By stimulating the spine, this exoskeleton helps paralyzed people re-learn how to walk

A team of scientists from the University of California, Los Angeles developed a robotic exoskeleton that’ll help paralyzed people walk with minimal assistance. Unlike other robotic suits that step for the person while they move along passively, the UCLA system uses spinal stimulation to trigger a patient’s muscles. This approach allows patients to control their leg muscles voluntarily as they take steps with the support of the device.

UCLA’s system uses a battery-powered bionic suit built by California-based Ekso Bionics. The Iron Man-like exoskeleton allows people to move their legs in a step-like fashion. The suit is paired with a non-invasive spinal stimulation technique that makes it possible for people to relearn voluntary leg movements without surgery.
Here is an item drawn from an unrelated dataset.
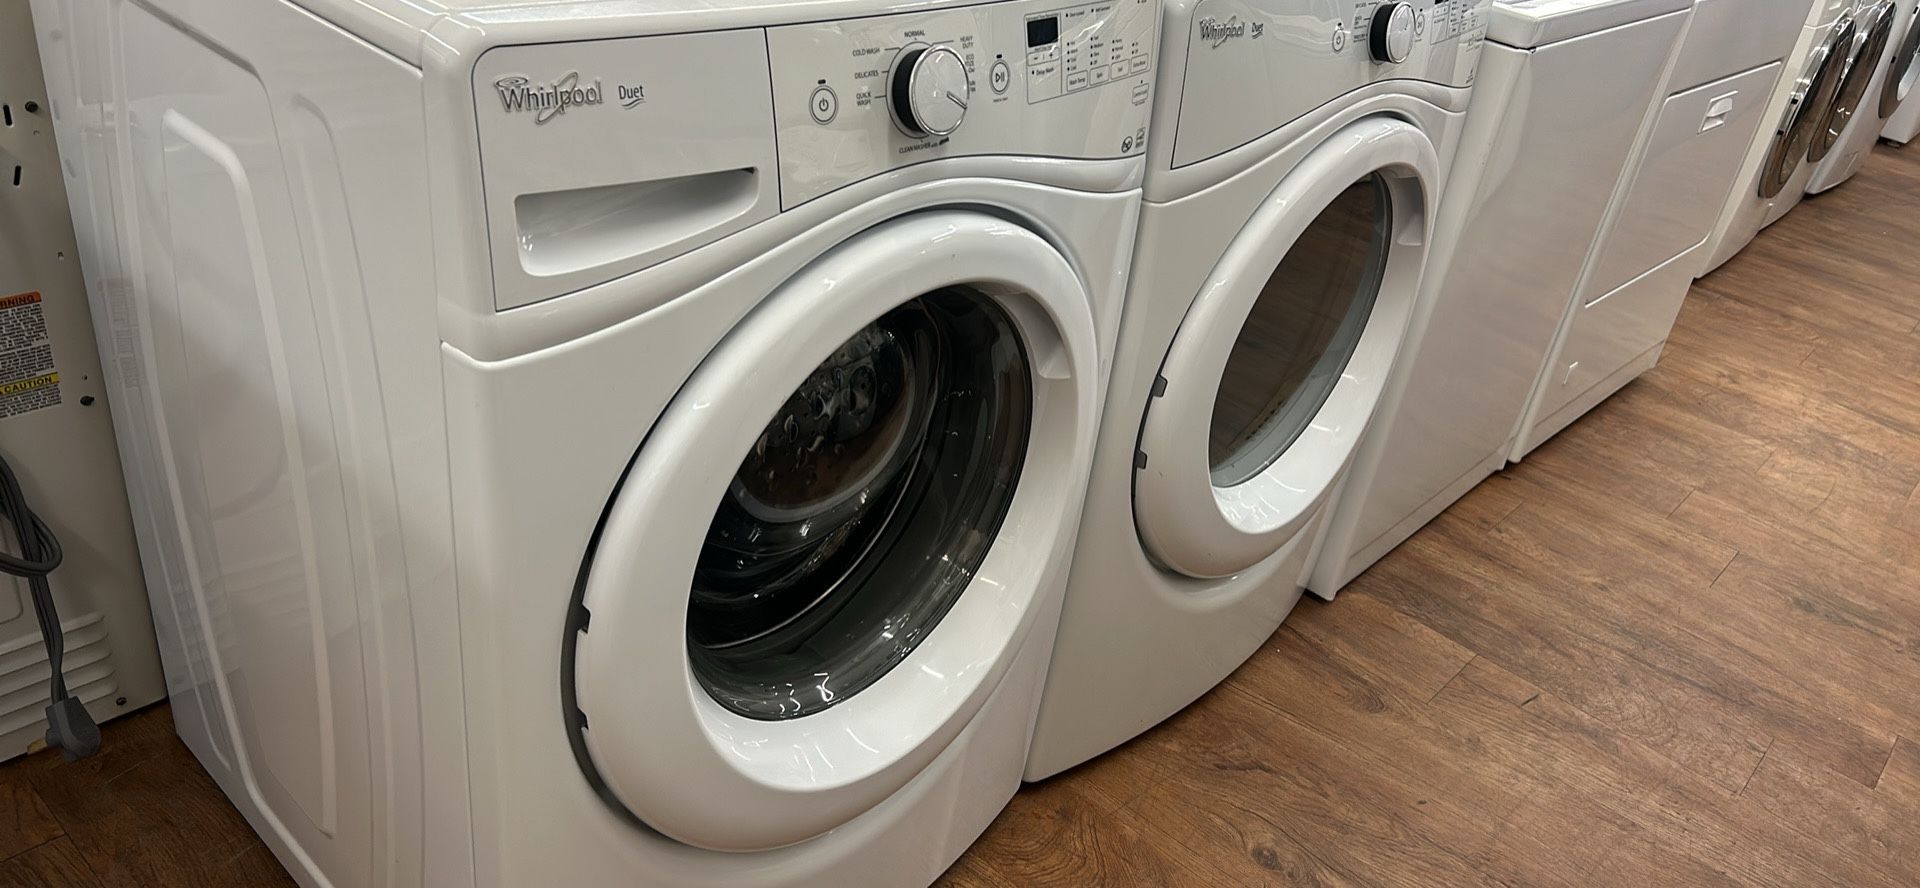 Whirlpool Washer And Electric Dryer For Sale!! 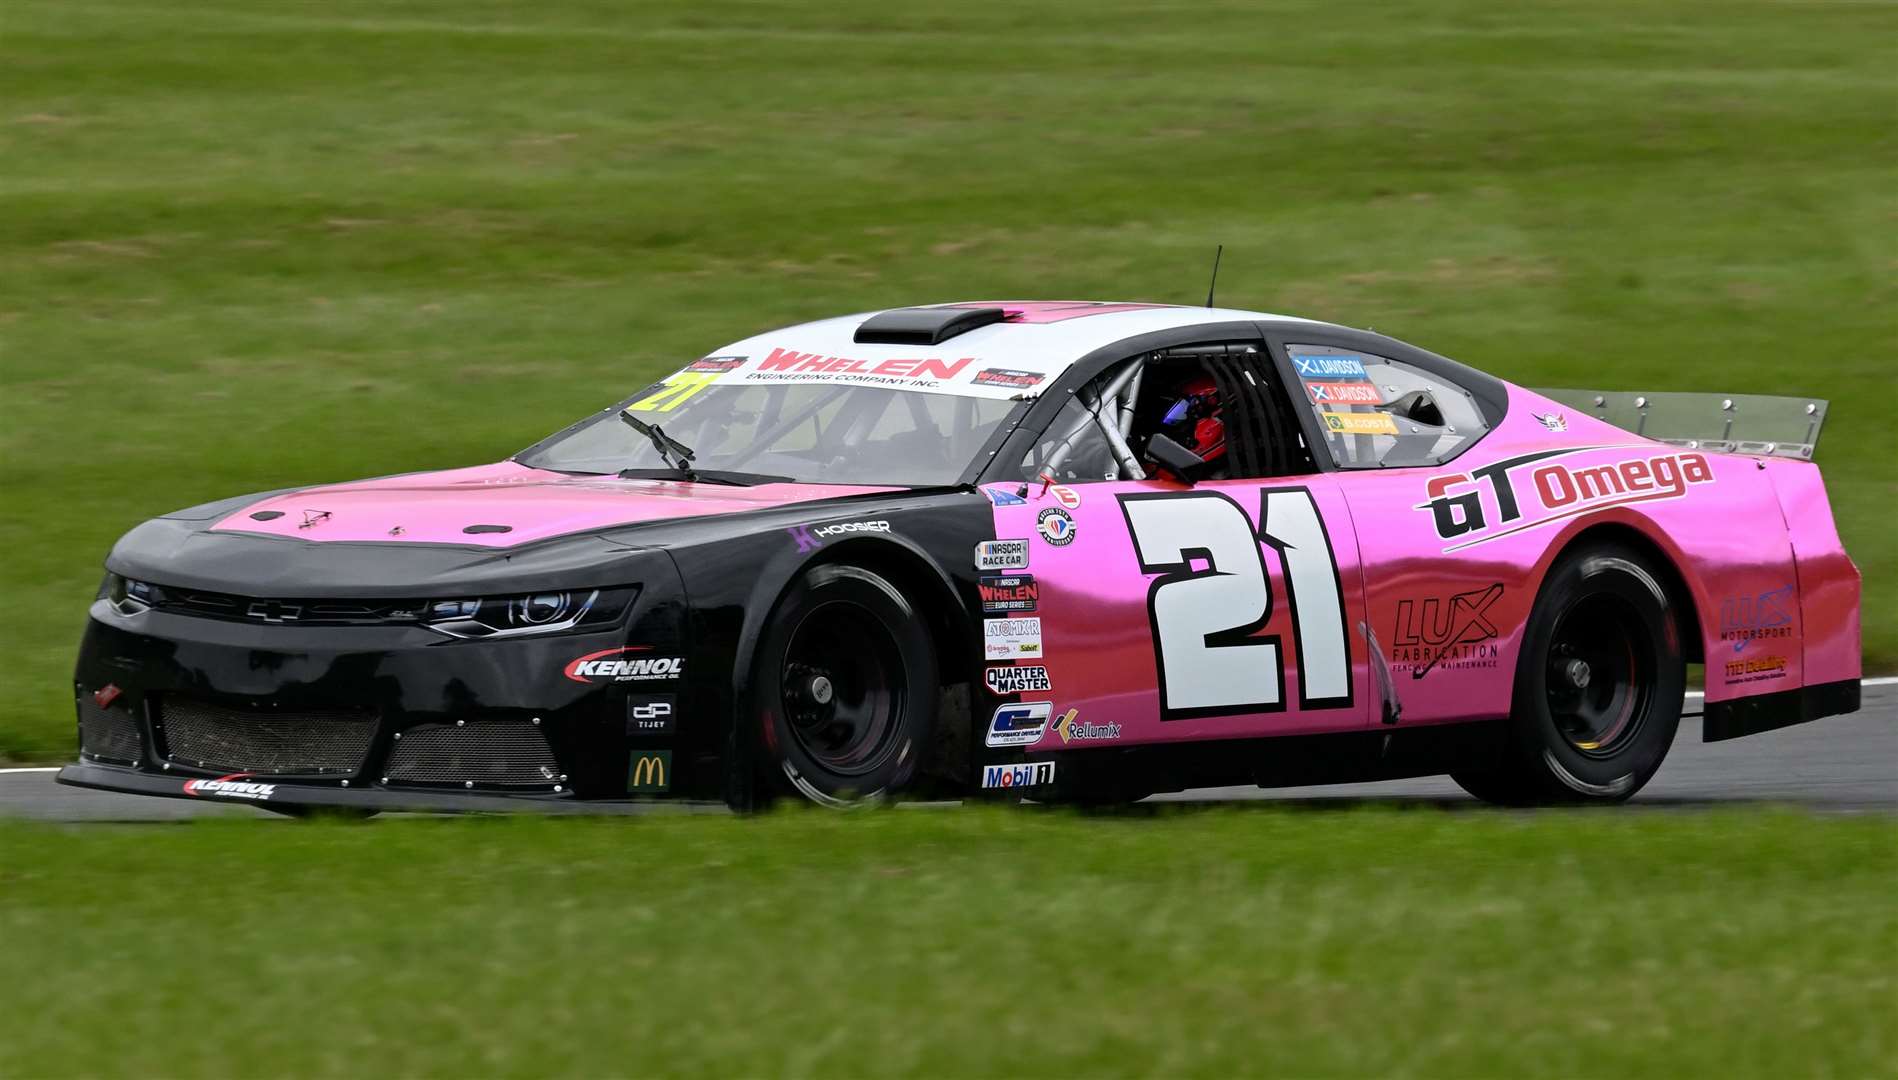 Davidson’s chrome pink livery caught the eye at Brands Hatch, but the team had to use a spare front bumper and wings after a clash in Sunday’s first race. Picture: Simon Hildrew

Data collected by the suit’s sensors can be used to determine how much the person is actively moving their limbs and how much they are relying on the device. With training, the patient can learn to move their legs more and rely on the suit less.

In a recent series of tests, the UCLA team worked with 39-year-old Mark Pollock, who was paralyzed from the waist down following a fall from a second-story in 2010. Before his injury, Pollock was an athlete, competing in ultra-marathons and the UK’s Commonwealth Games. After just a few weeks of training and spinal stimulation, Pollock was able to walk successfully with the device, even raising his heart rate to an aerobic training zone. The former athlete was pleased with his progress, saying “the awareness of my legs under me, was addictive,” adding that he “wanted more.”

Even though it will be years before this technology is ready for clinical usage, Edgerton believes these new approaches to treating spinal cord injuries provides hope for those with paralysis.  Even if patients cannot walk completely independently, the bionic suit and spinal simulation may help them recover multiple body functions and enhance their overall quality of life.  The research was presented last month at the 37th international conference of the IEEE Engineering in Medicine and Biology Society.